No, not if the new builder uses the same Anthropic credentials. The cap travels with the credentials, not the tool. If both builders authenticate against your Pro plan via OAuth, or both use your personal API key, you hit the same wall in both places. The only way to route around the weekly cap is to route through different credentials: a separate Anthropic API account, a different OAuth identity, or a different model provider entirely for the work that does not have to be Claude. The flip side: connecting a builder via OAuth instead of an API key means the build sessions bill your Pro plan, which is exactly what you want when Pro is otherwise sitting idle while the API spend climbs.
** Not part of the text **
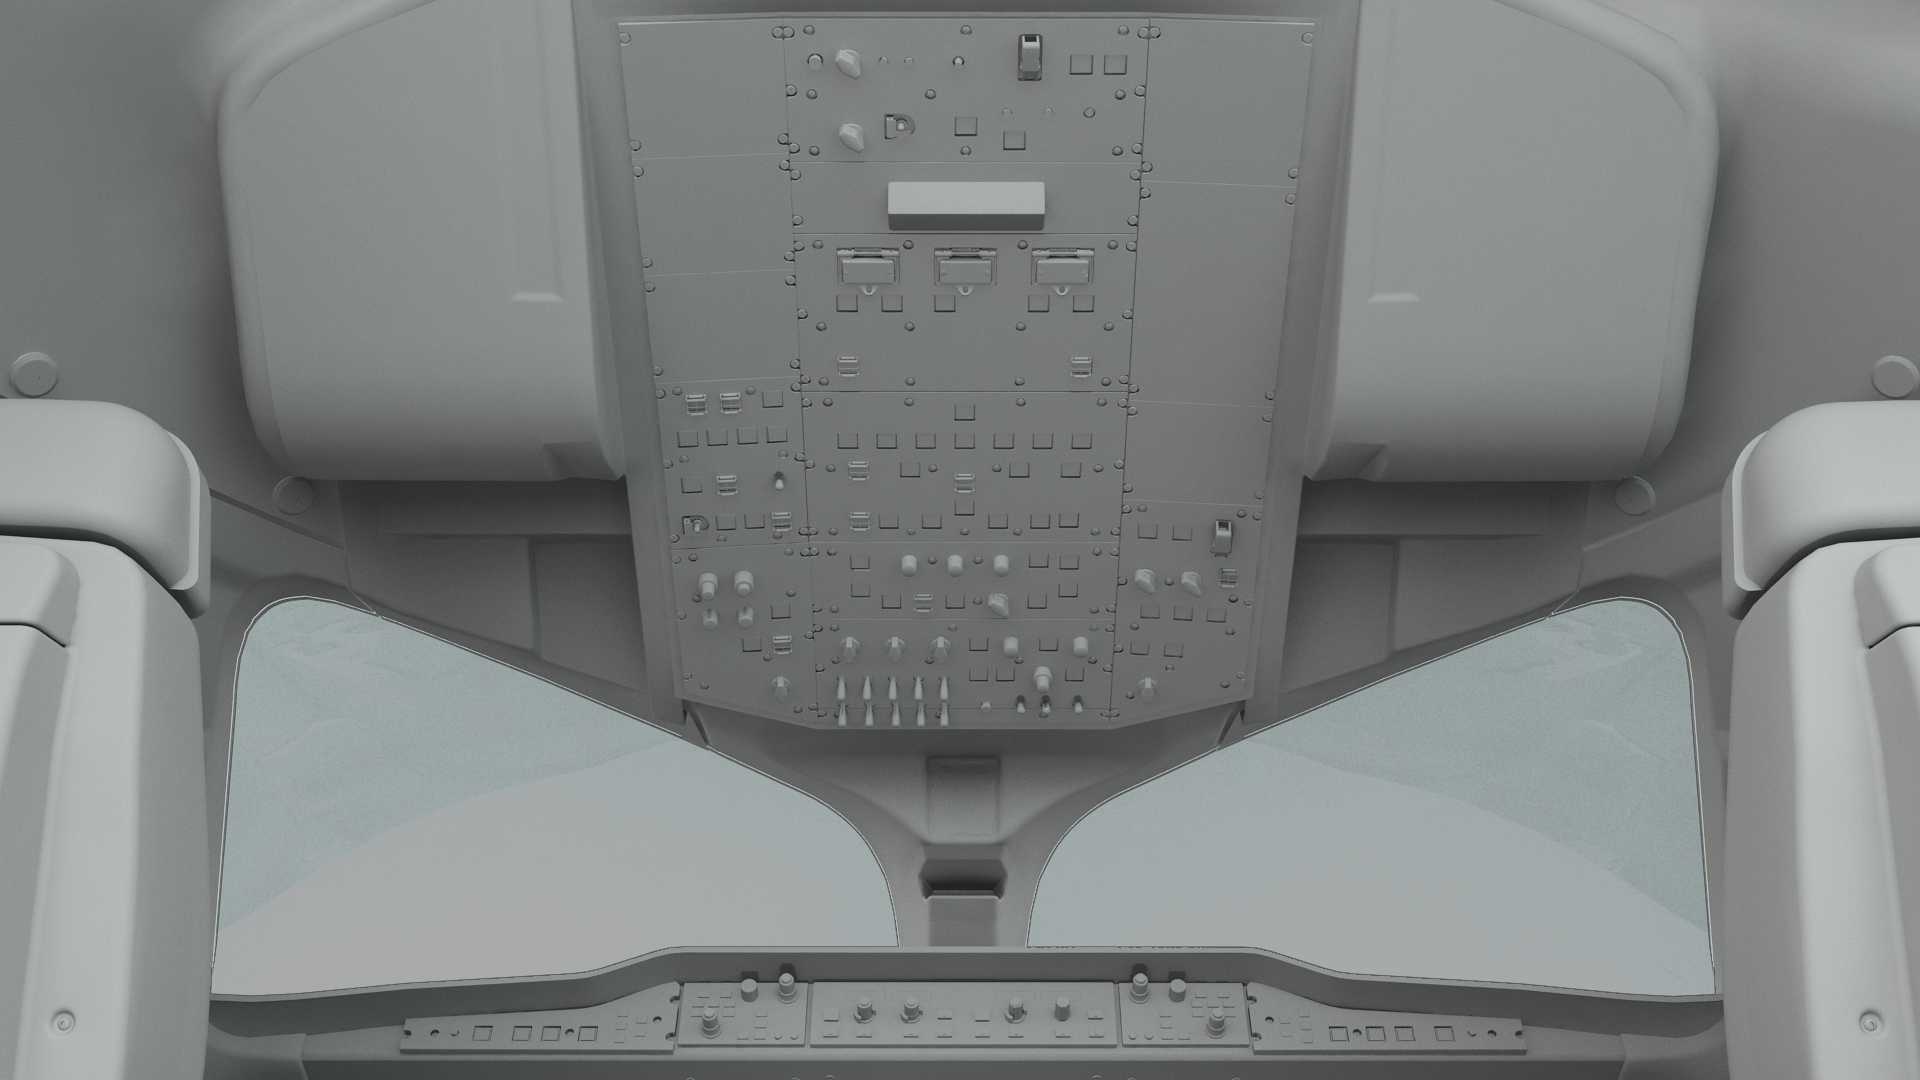 自研C919国产大飞机机模demo 微软模拟飞行演示2.0-6327

How does mk0r route around the cap by default?

Three things, all readable in the source. First, anonymous sessions are pinned to Haiku at src/app/api/chat/model/route.ts line 5 (FREE_MODEL = 'haiku'), so the cheapest model carries the first turn and the next-prompt iteration loop. Second, signed-in users with a connected Pro or Max plan get the OAuth path: src/app/api/chat/route.ts decides between the shared API key and the user's OAuth blob, and inference billed against an OAuth scope absorbs into the same plan they already pay for. Third, when a weekly cap actually fires, the patched ACP forwards the structured event so the chat UI can show 'usage limit reached, resets at H:MM' instead of a generic error toast. Three small things, but together they turn the weekly cap from a brick wall into a planned schedule.